Task goal: If a line below falls between the line with "Urban Sexy Dresses" and the line with "Rear view of", or is one of those two, output it exactly; output nothing else and no pictures.

Data provided:
◆ ◆ ◆ ◆

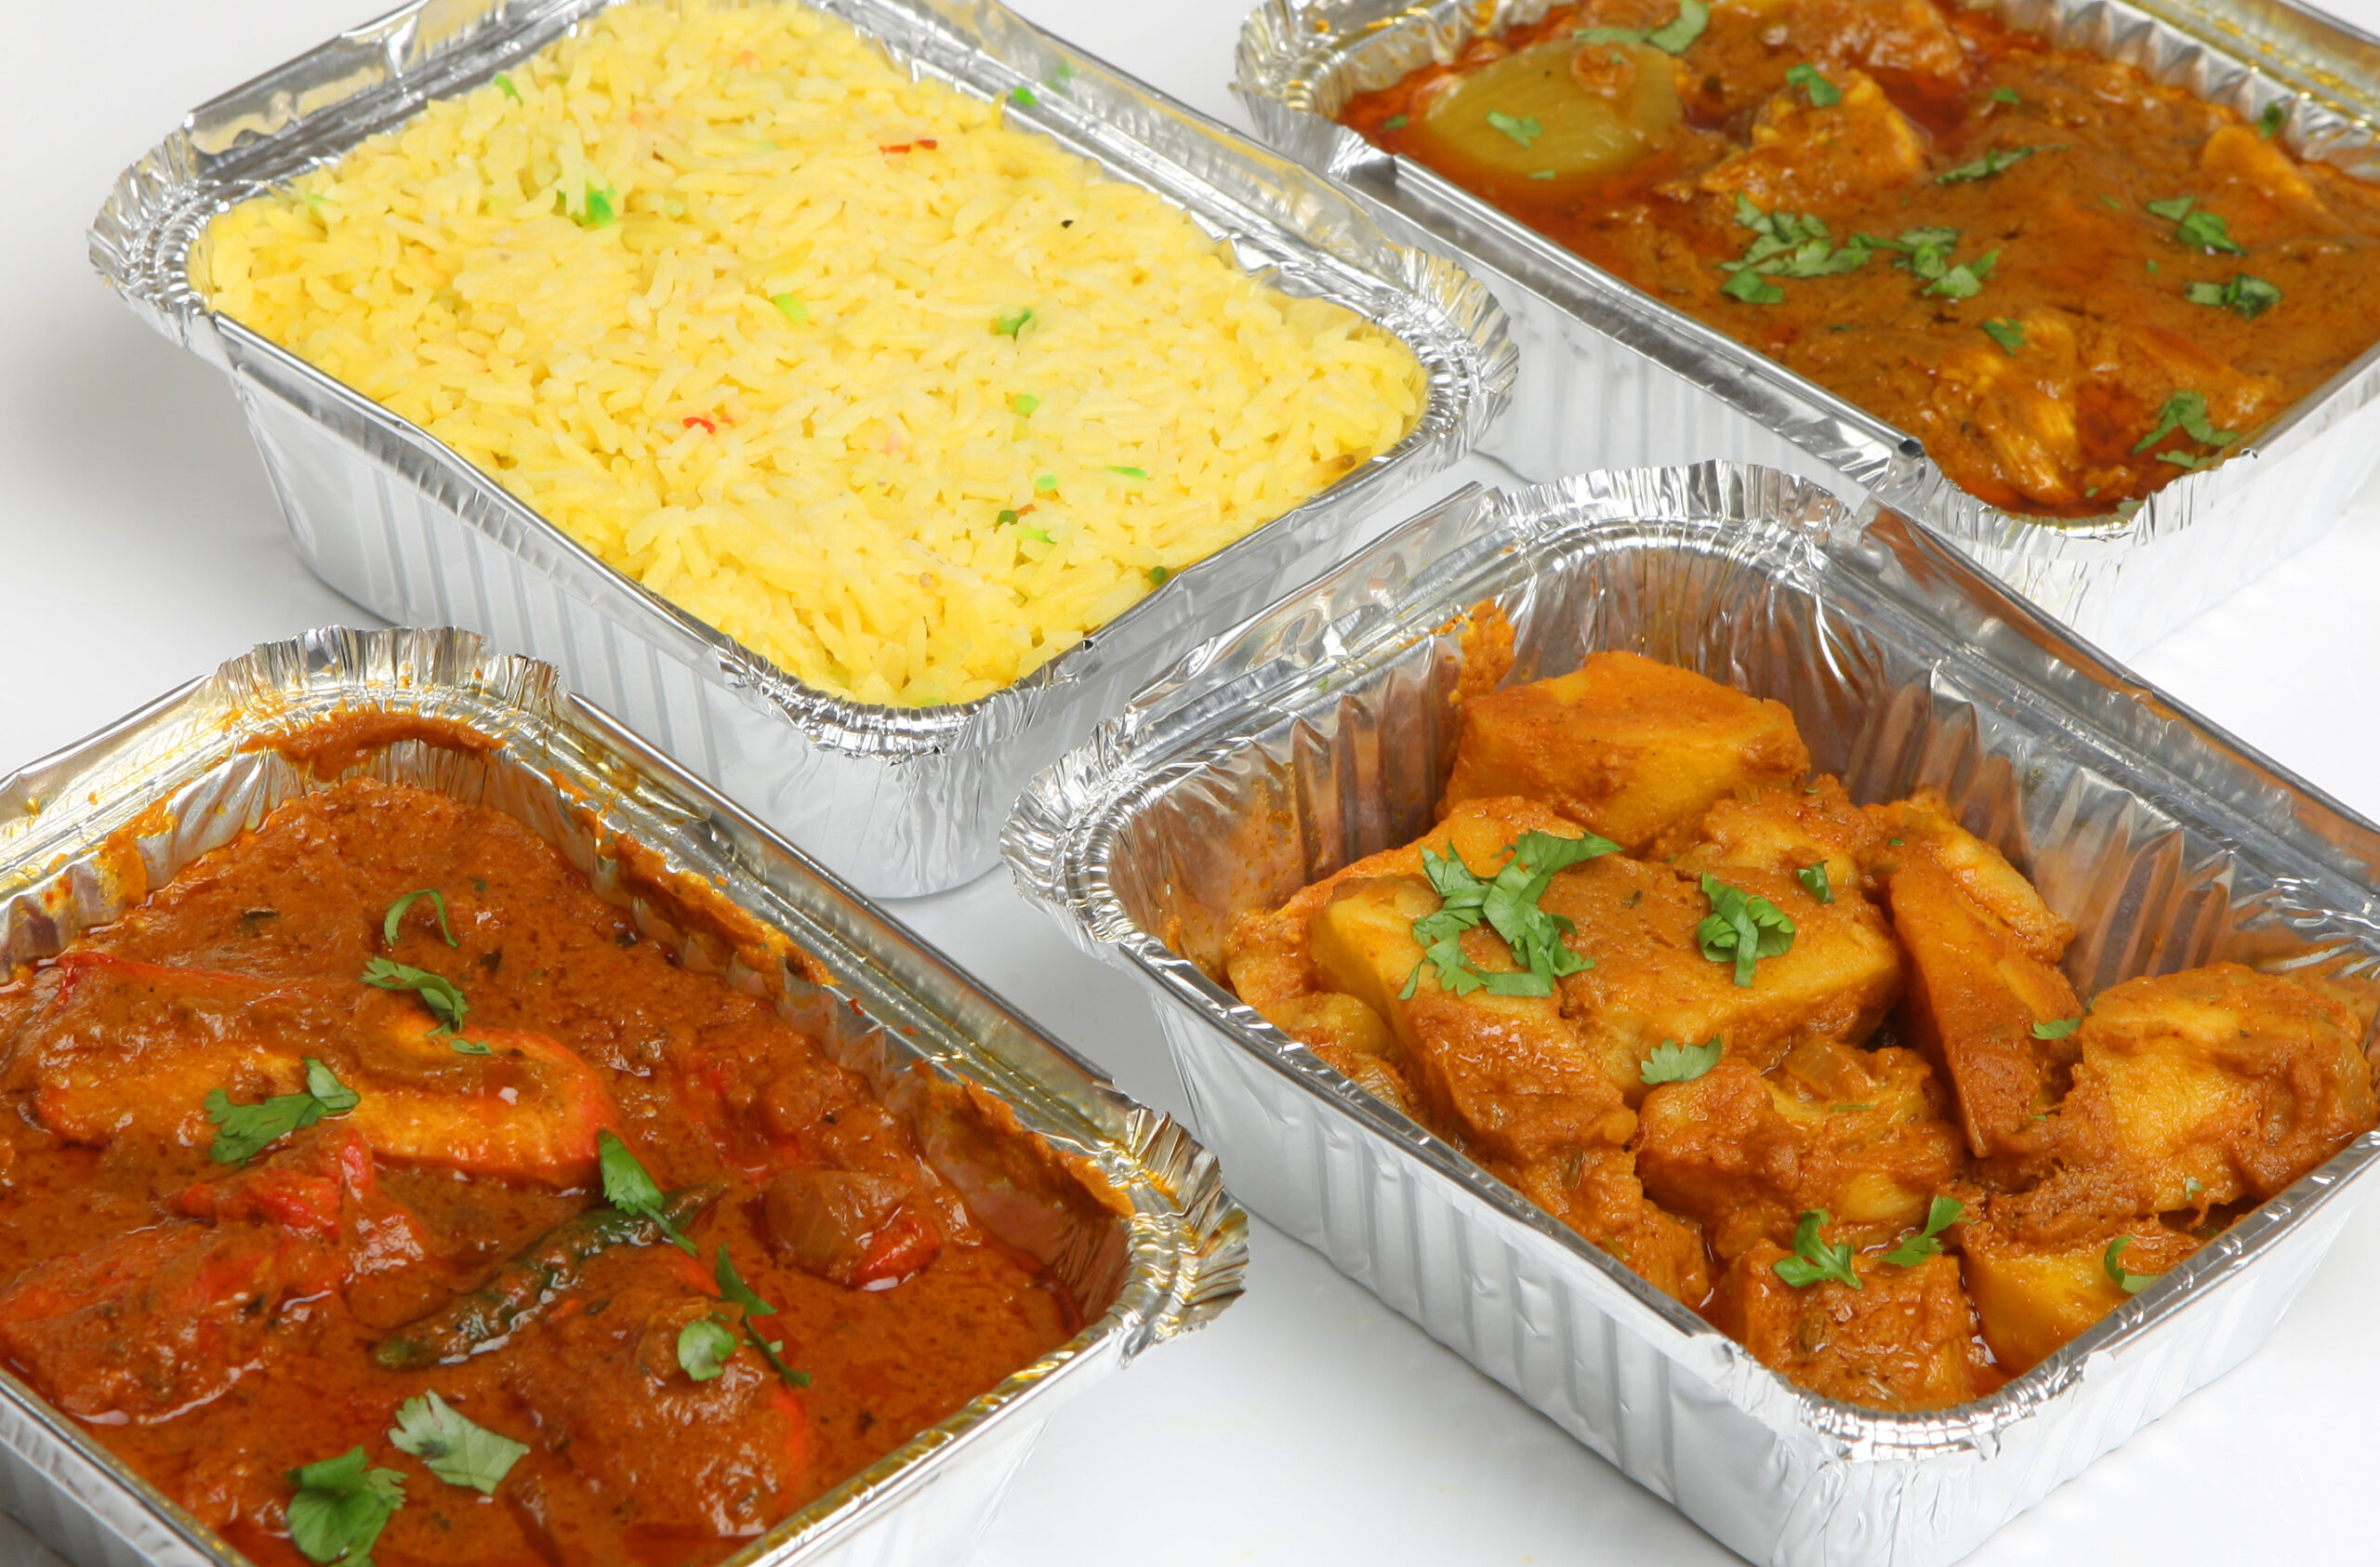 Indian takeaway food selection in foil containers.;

◆ ◆ ◆ ◆

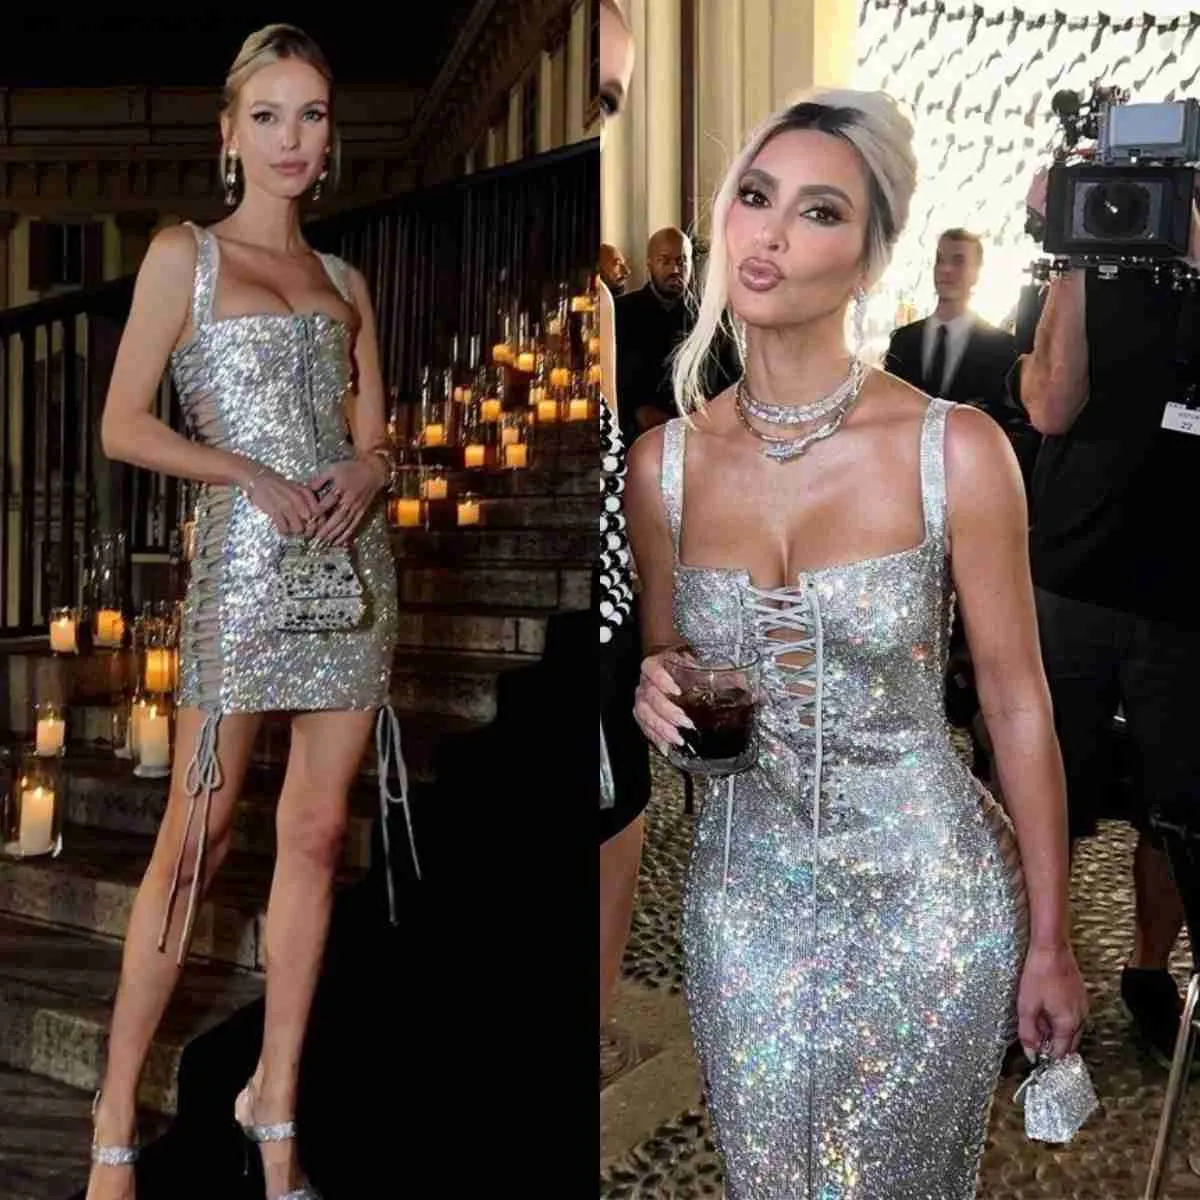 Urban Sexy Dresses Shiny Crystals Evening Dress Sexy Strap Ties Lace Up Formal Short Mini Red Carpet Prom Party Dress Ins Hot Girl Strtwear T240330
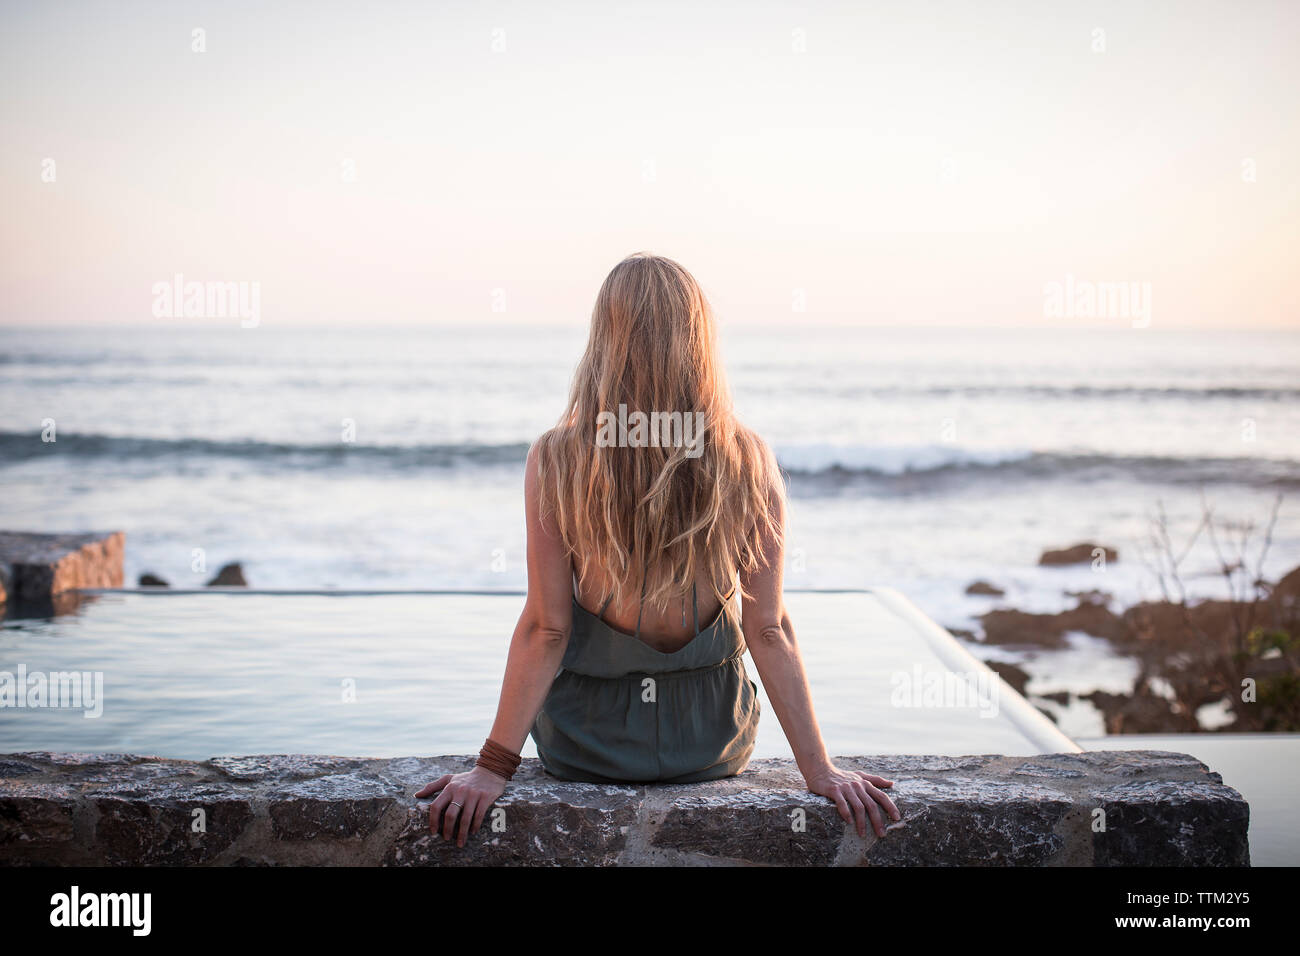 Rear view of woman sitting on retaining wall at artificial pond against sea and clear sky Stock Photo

◆ ◆ ◆ ◆

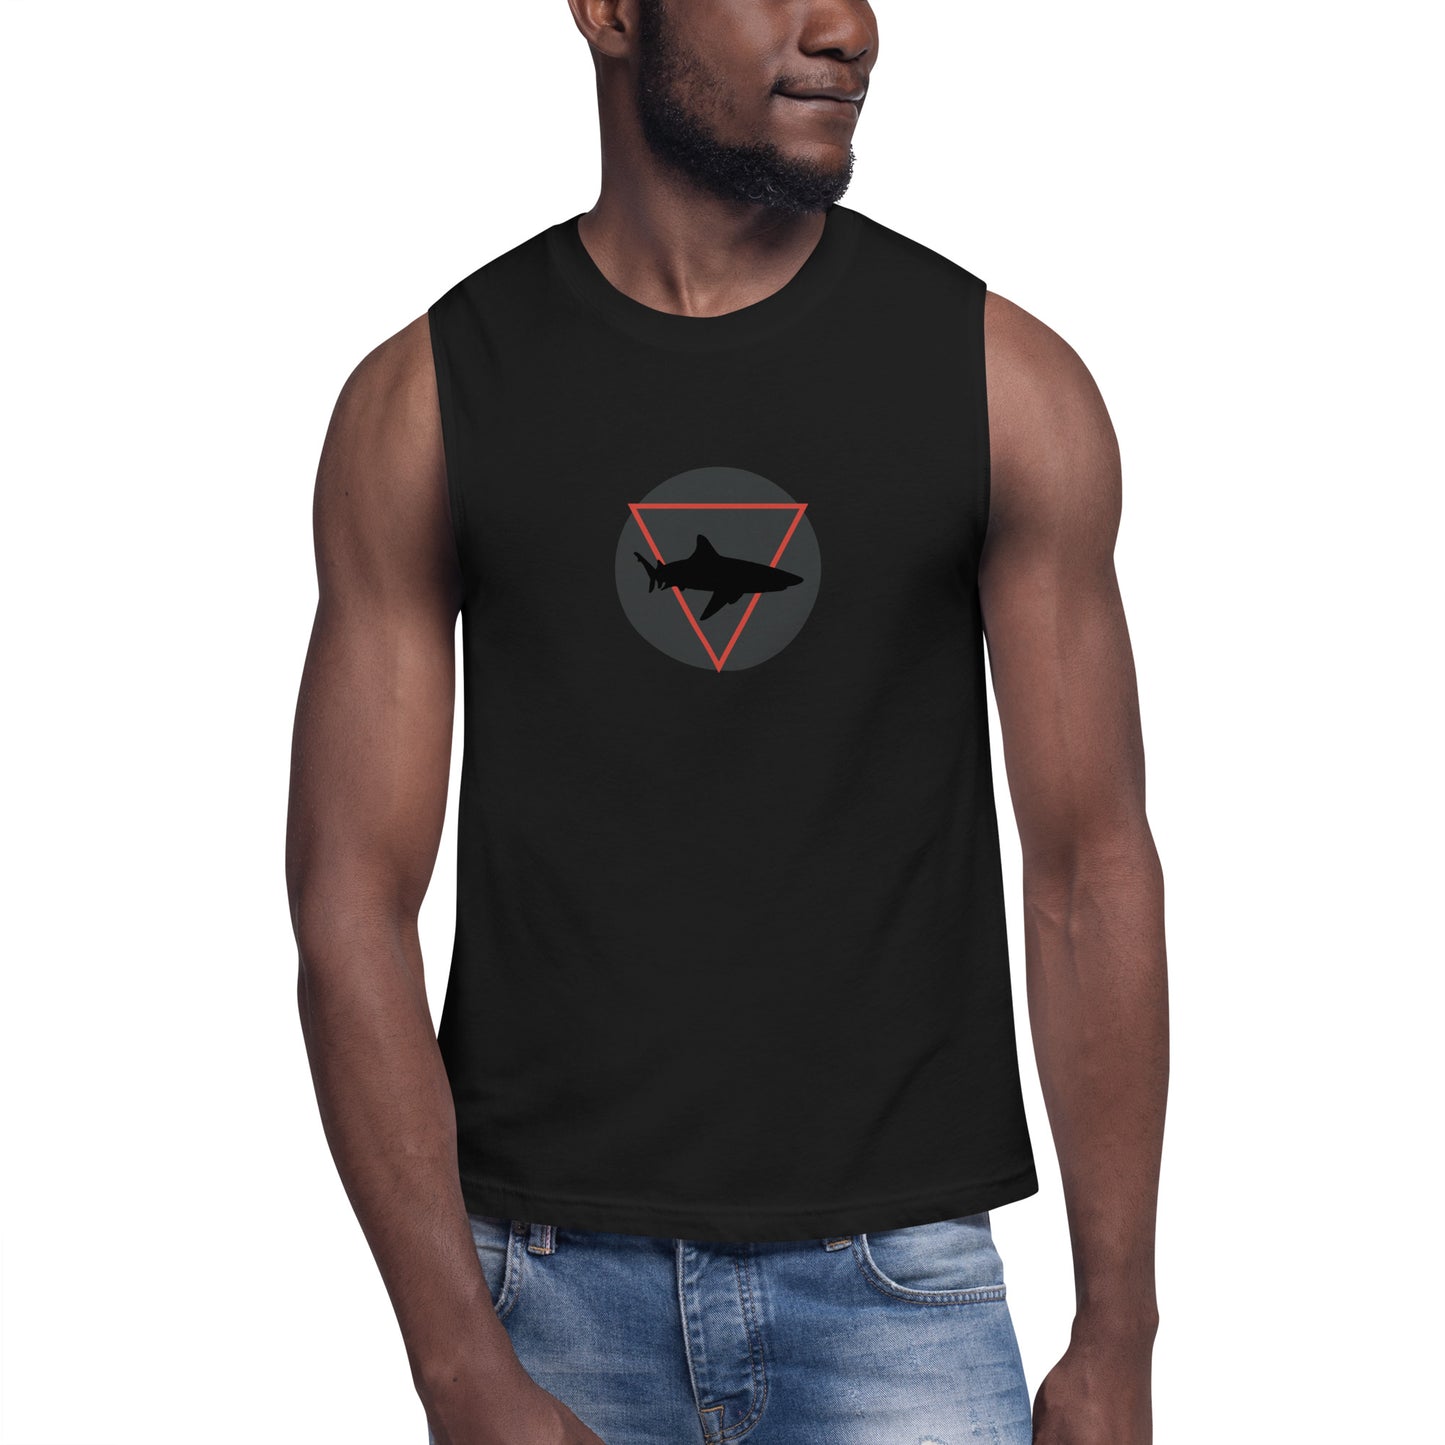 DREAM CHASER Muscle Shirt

◆ ◆ ◆ ◆

Answer space:
 Urban Sexy Dresses Shiny Crystals Evening Dress Sexy Strap Ties Lace Up Formal Short Mini Red Carpet Prom Party Dress Ins Hot Girl Strtwear T240330
 Rear view of woman sitting on retaining wall at artificial pond against sea and clear sky Stock Photo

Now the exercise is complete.